2-Normed Space Uniformly Convex
$2$-Normed Space $(L, \Vert \cdot , \cdot \Vert)$ is said uniformly convex if for every $\epsilon >0$, exist $\delta(\epsilon) >0$ such that $\Vert x,z \Vert = \Vert y,z \Vert = 1$, $\Vert x-y, z \Vert \ge \epsilon, x \not = y$ and $z \not \in V(x,y)$ then $$\Big \Vert \frac{x+y}{2}, z \Big \Vert \le (1-\delta(\epsilon)).$$
2-Normed Space Strictly Convex
Let ($X, \Vert \cdot , \cdot \Vert $) be a $2$-normed space.

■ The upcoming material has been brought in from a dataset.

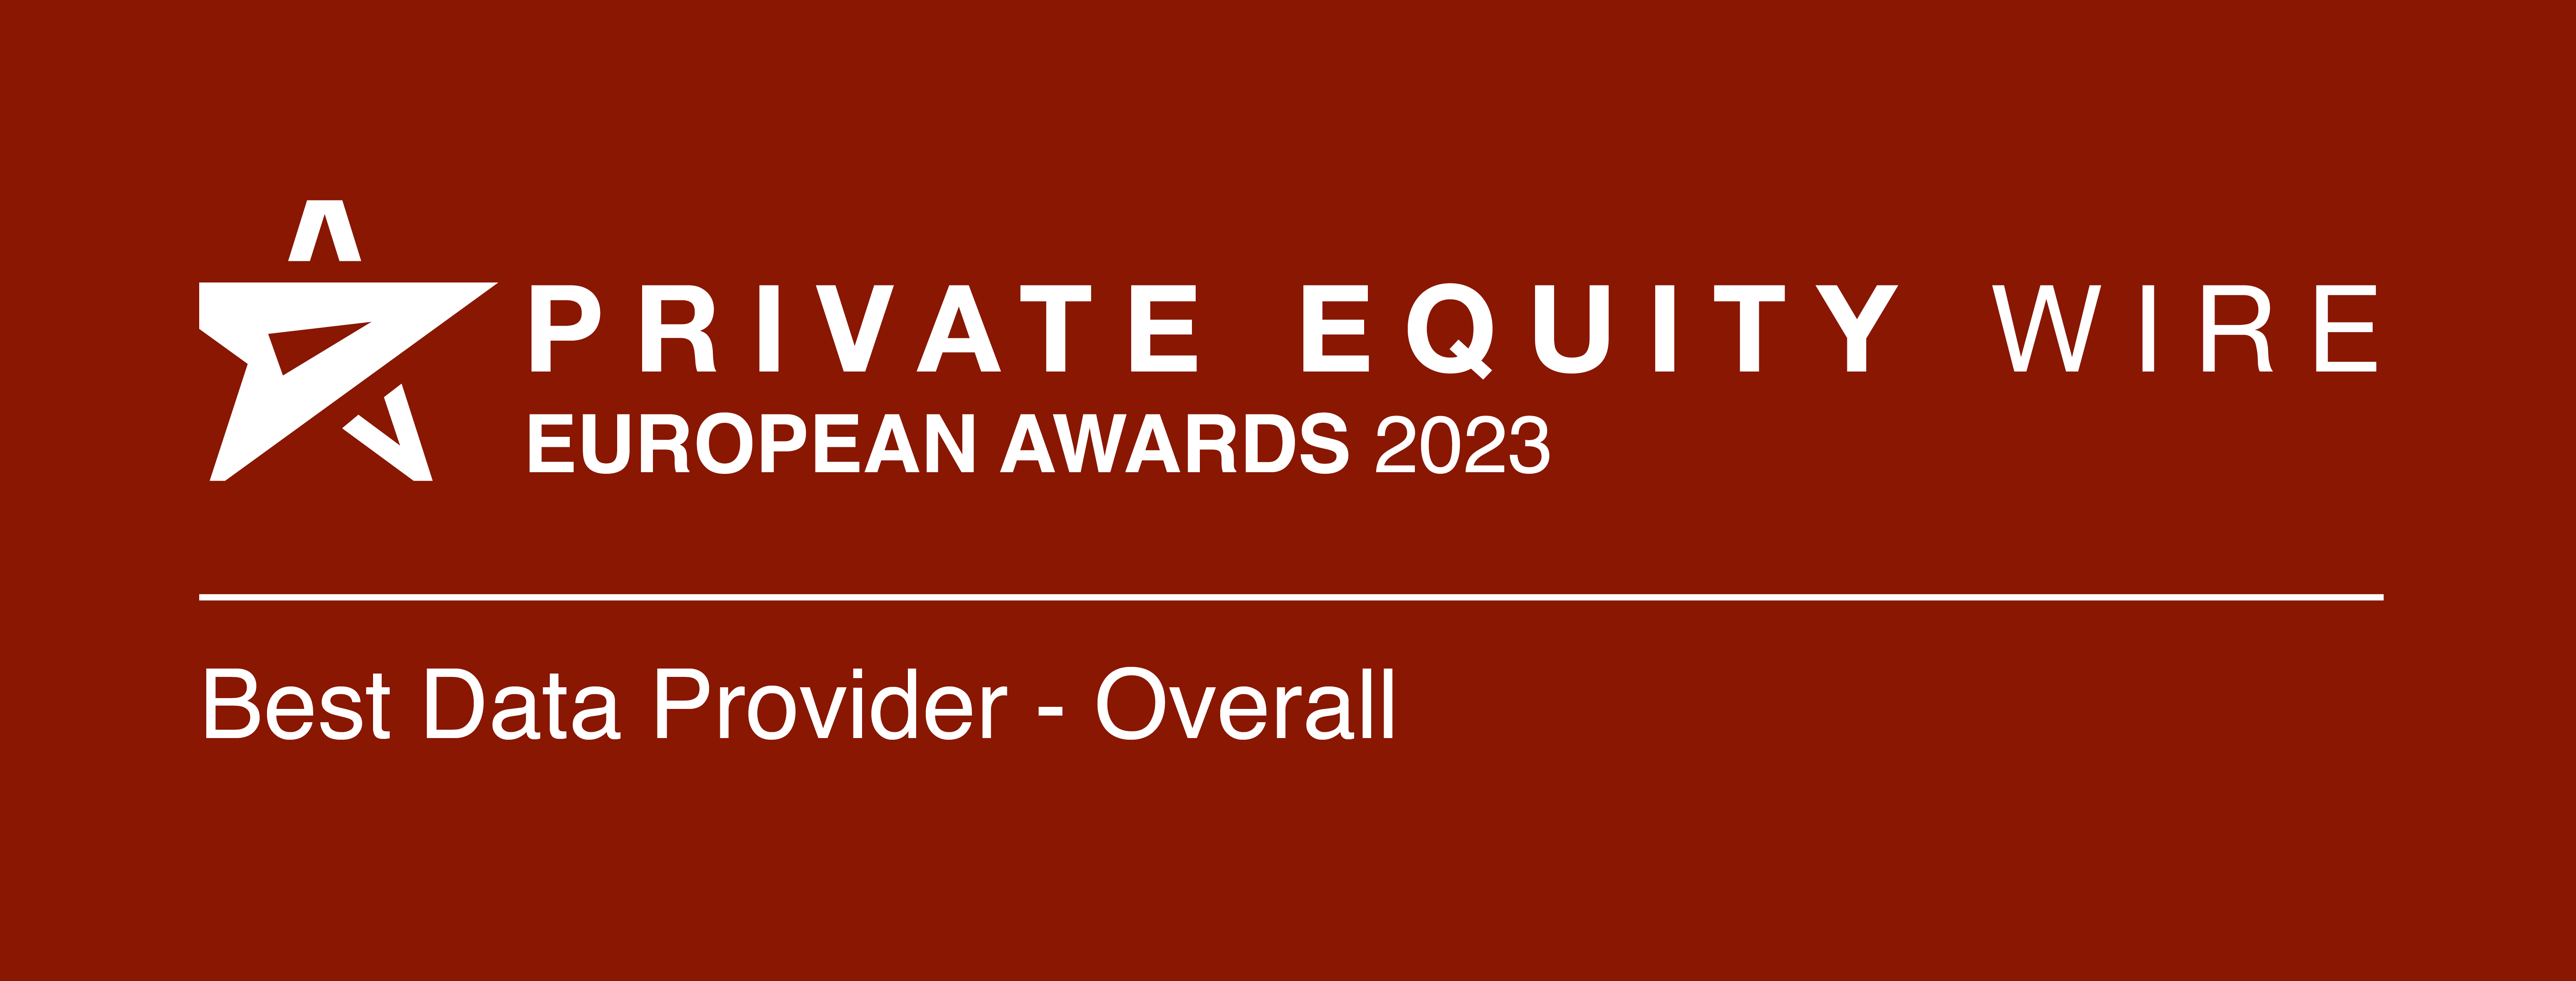 pewire-european-awards-2023.jpg
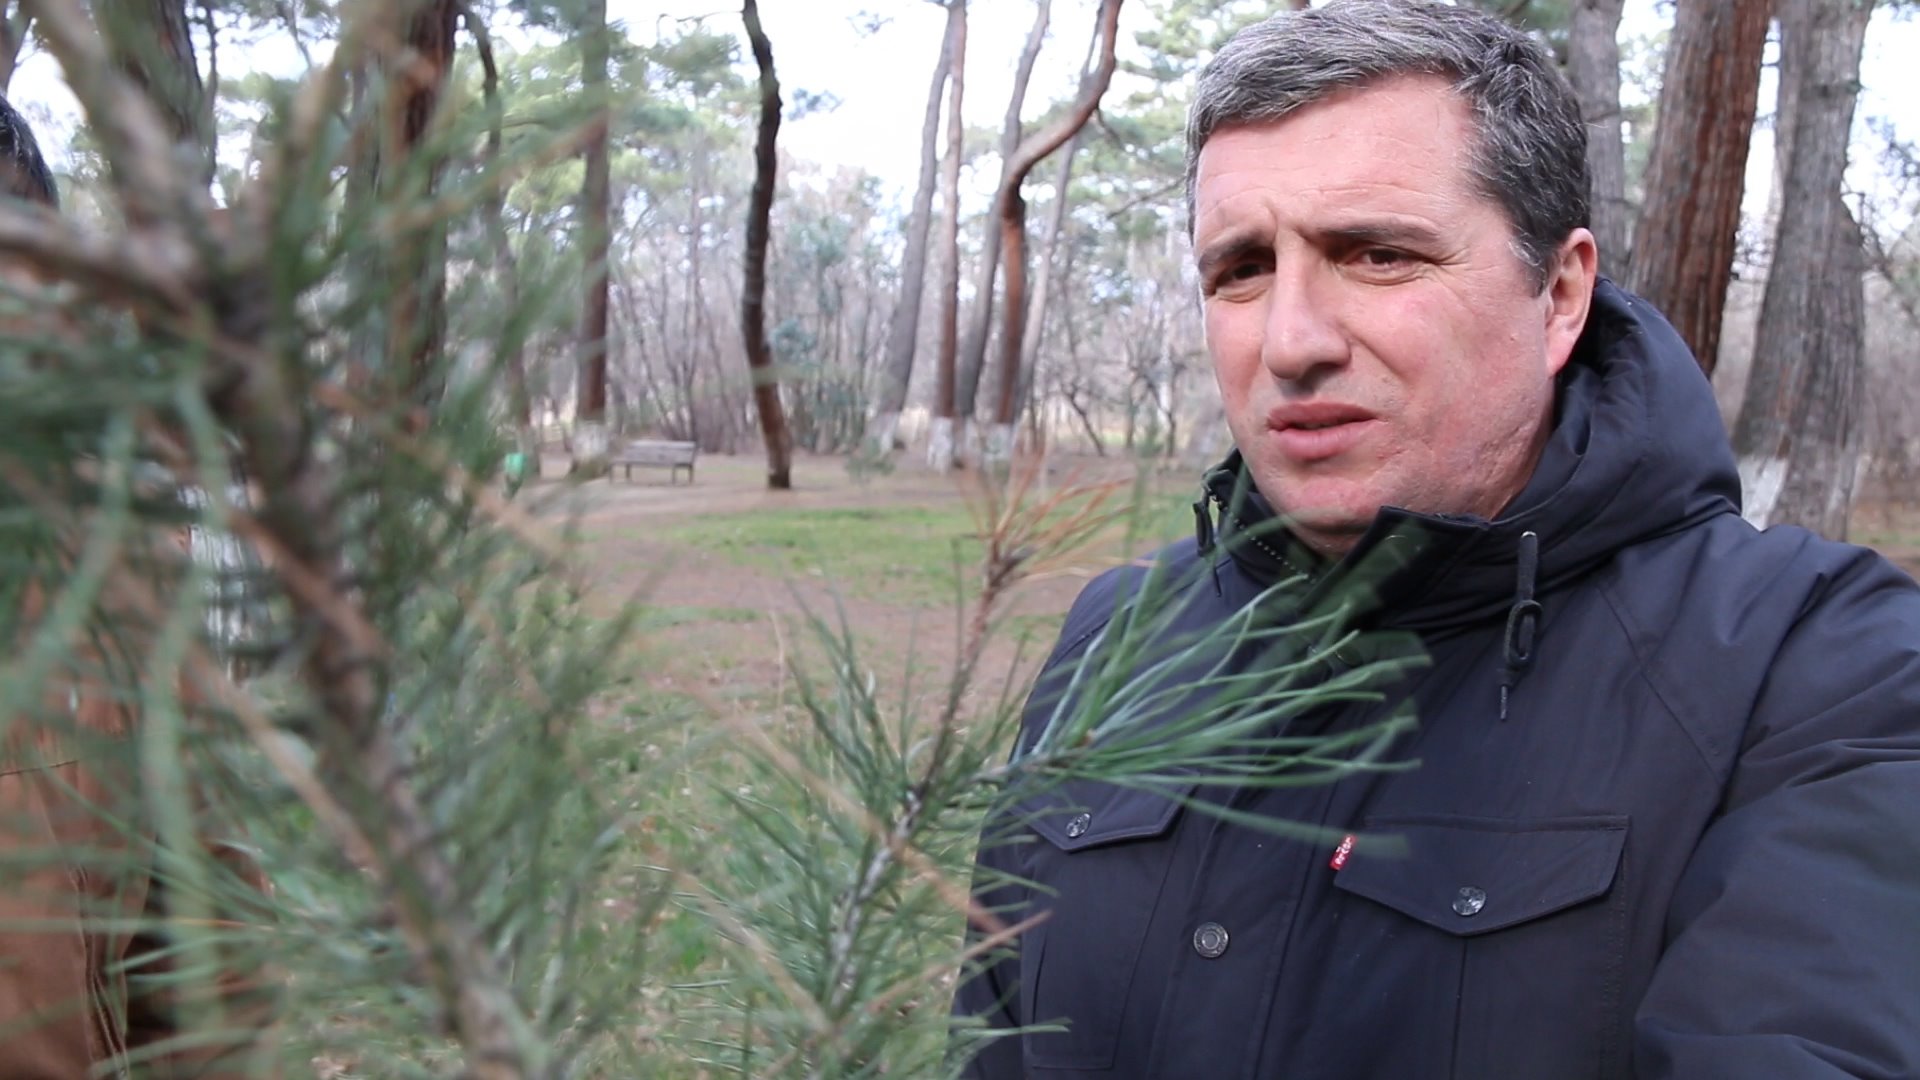 Meet the Forester - Ivane Betsuklishvili, Forester

Then $(X, \Vert \cdot, \cdot \Vert)$ is said to be strictly convex if for every $x,y,z\in X$ satisfying $\Vert x, z \Vert = \Vert y,z \Vert = 1$, $x\not=y$, $z \not \in V(x,y)$, \emph{we have} $\Vert \frac{x+y}{2}, z \Vert < \frac{1}{2}(\Vert x,z \Vert + \Vert y,z \Vert ) <1$.
Theorem: Uniform Convex Implies Strictly Convex
Given $(X, \Vert \cdot, \cdot \Vert)$ uniformly convex. Then for every $\epsilon >0$ exist $\delta(\epsilon) >0$ such that $\Vert x,z \Vert = \Vert y,z \Vert = 1$, $\Vert x-y, z \Vert \ge \epsilon, x \not = y$ dan $z \not \in V(x,y)$. We obtain $$\Big \Vert \frac{x+y}{2}, z \Big \Vert \le (1-\delta(\epsilon)) < 1.$$
Question
What about the converse? Is strictly convex implies uniform convex?
I did some experiment. We know that $\Vert x \Vert_1$ (taxicab norm) is strictly convex. How can we proof (or disproof), that norm is not uniformly?
– Niccolo Jan 10 '23 at 06:55https://math.stackexchange.com/questions/3676863/show-that-e-is-not-uniform-convex-space
My problem is solved. Thanks in advance @geetha290krm
– Niccolo Jan 10 '23 at 08:03